LibLink: Lord Ken MacDonald: How the DRIP Bill will help us convict criminals

A telephoneThe Data Retention and Investigatory Powers Bill cleared its Commons stages last night after a long debate which saw Julian Huppert speak at every stage and in great detail. He was pretty much doing the job of a Minister and very clearly and rationally put the case for the Bill, at all times stating his own personal commitment to civil liberties.

Lord Ken MacDonald, who has been pretty sound on things like secret courts, the statelessness provisions in the Immigration Bill and the cuts to Legal Aid, has written an article in the Guardian in which he argues that the Bill is no threat to privacy. He’s even quite bullish about it, calling it “one of the better products of coalition.”

He makes the case that if we accept the principle of using phone records as evidence, why not allow this reach to extend to internet messaging.

People involved in serious crime talk to each other, just like the rest of us do. They use telephones and the internet, and they send each other emails.
And if, bizarrely, prosecutors are still not permitted to rely on recordings of conspirators discussing their crimes, at least they have long been allowed to make use of the fact that the conversations took place.

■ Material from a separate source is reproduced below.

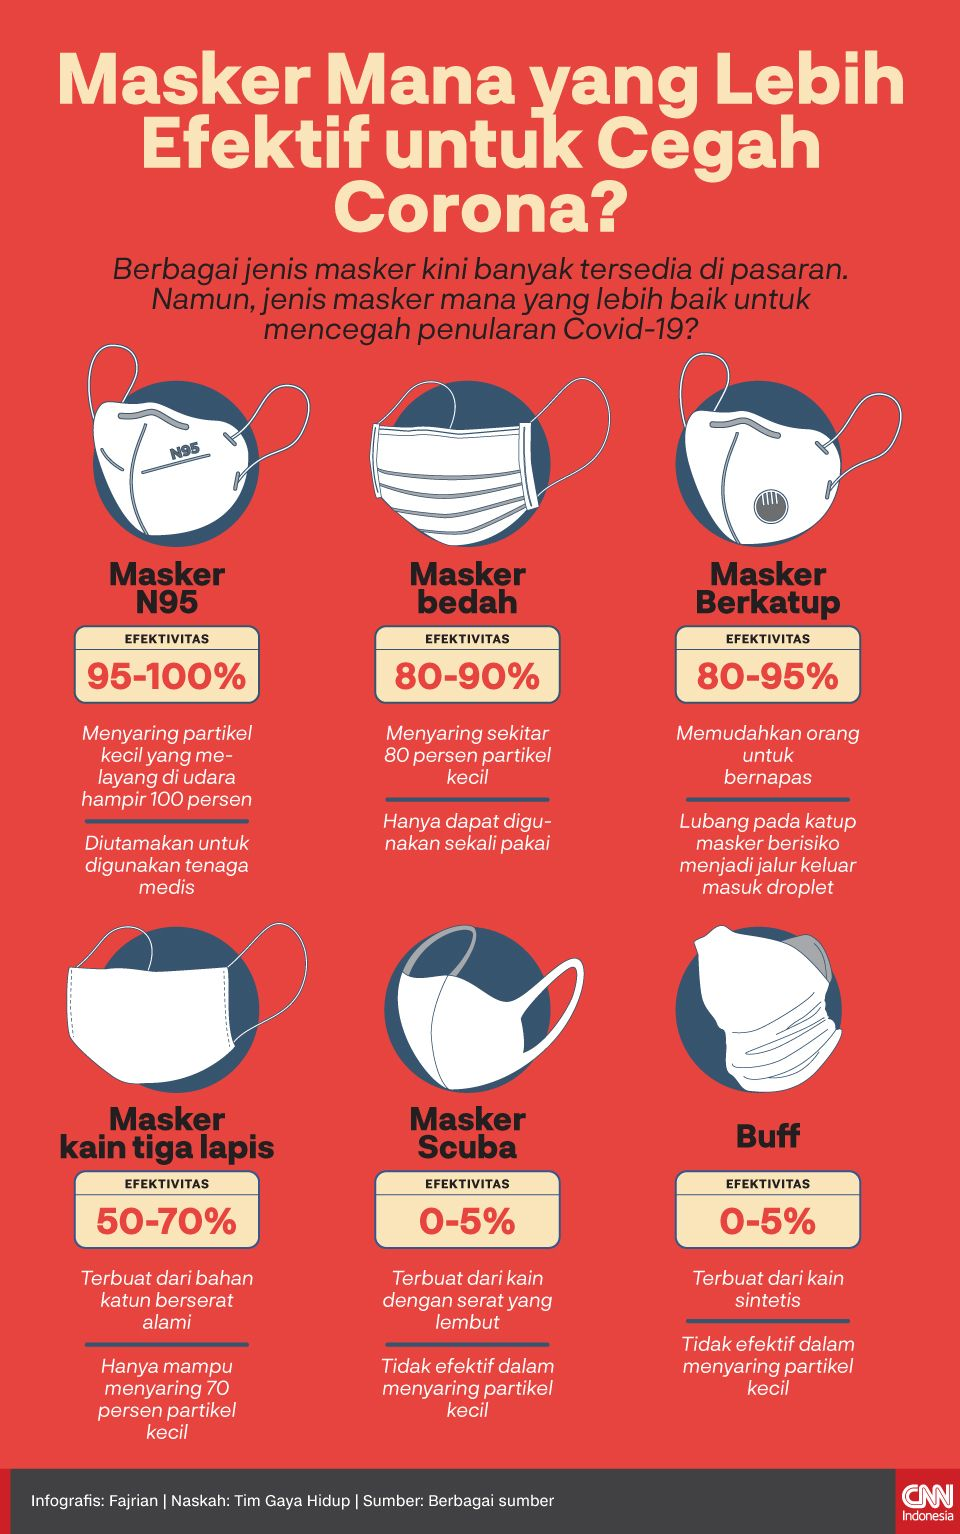 Infografis Jenis Masker Mana yang Lebih Efektif untuk Cegah Corona?
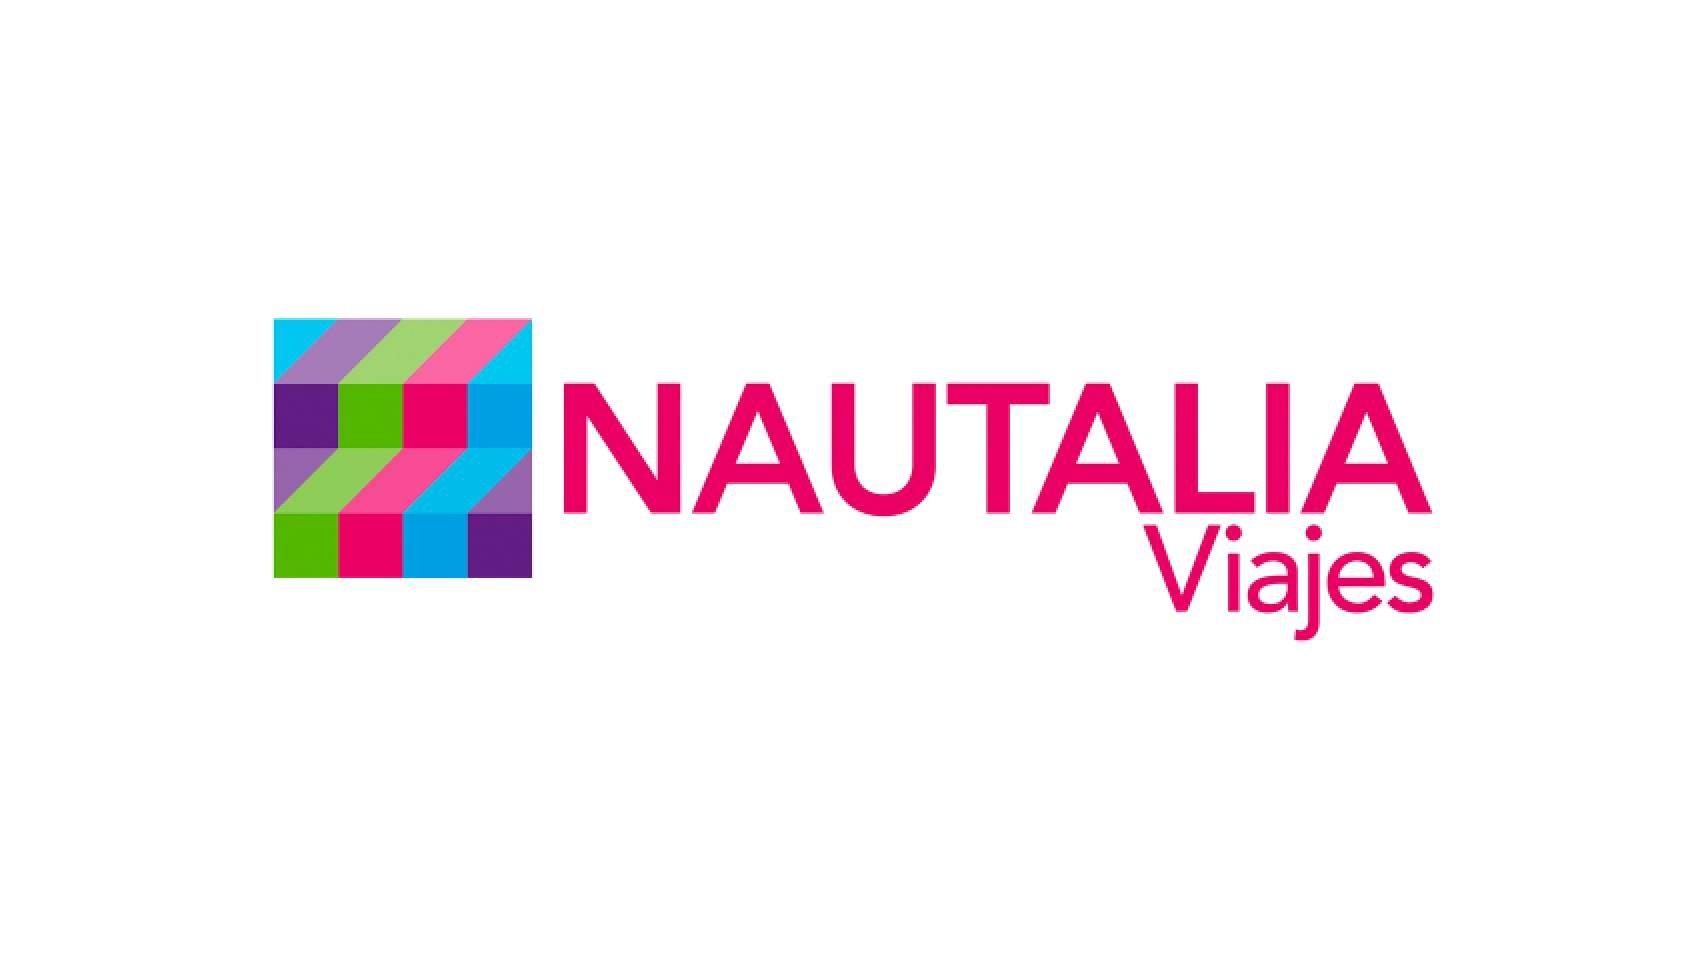 Nautalia busca agente de viajes en Pamplona

Criminal trials often reflect this. It’s hard to think of a single piece of heavyweight criminal litigation in recent years that hasn’t included communications metadata: not the content, but the fact that calls were made, by and to whom, and when and from where.

This is not, he said, some sort of Snowdenesque Dystopia:

Tempora makes all of us objects of desire to the state, whoever we are. It renders all human discourse the subject of government inquiry without warrant or discrimination and in doing so it redraws the line between citizen and state in an ugly way.

Drip is concerned with something quite different: the ability of the state to target communications metadata under lawful warrant where real suspicion exists that crime is taking place. But in order to gather this evidence for juries, the data has to exist. In the face of a recent European court of justice ruling that present arrangements are unlawful, the bill requires communications service providers to retain their records for 12 months, as many of them have in the past and as they often do anyway for their own business purposes. If a warrant is obtained, then as part of a criminal investigation access can be obtained by the police – and it has been for years.

He asks why the internet should be excluded:

It is difficult to see why a cloak of immunity should settle over any part of the internet where it’s used to advance crime. Instead, we should govern more carefully the circumstances in which data left behind may be accessed and deployed by the state – and we should do so with legislation that understands the technology.

As it happens, Drip offers this more liberal response.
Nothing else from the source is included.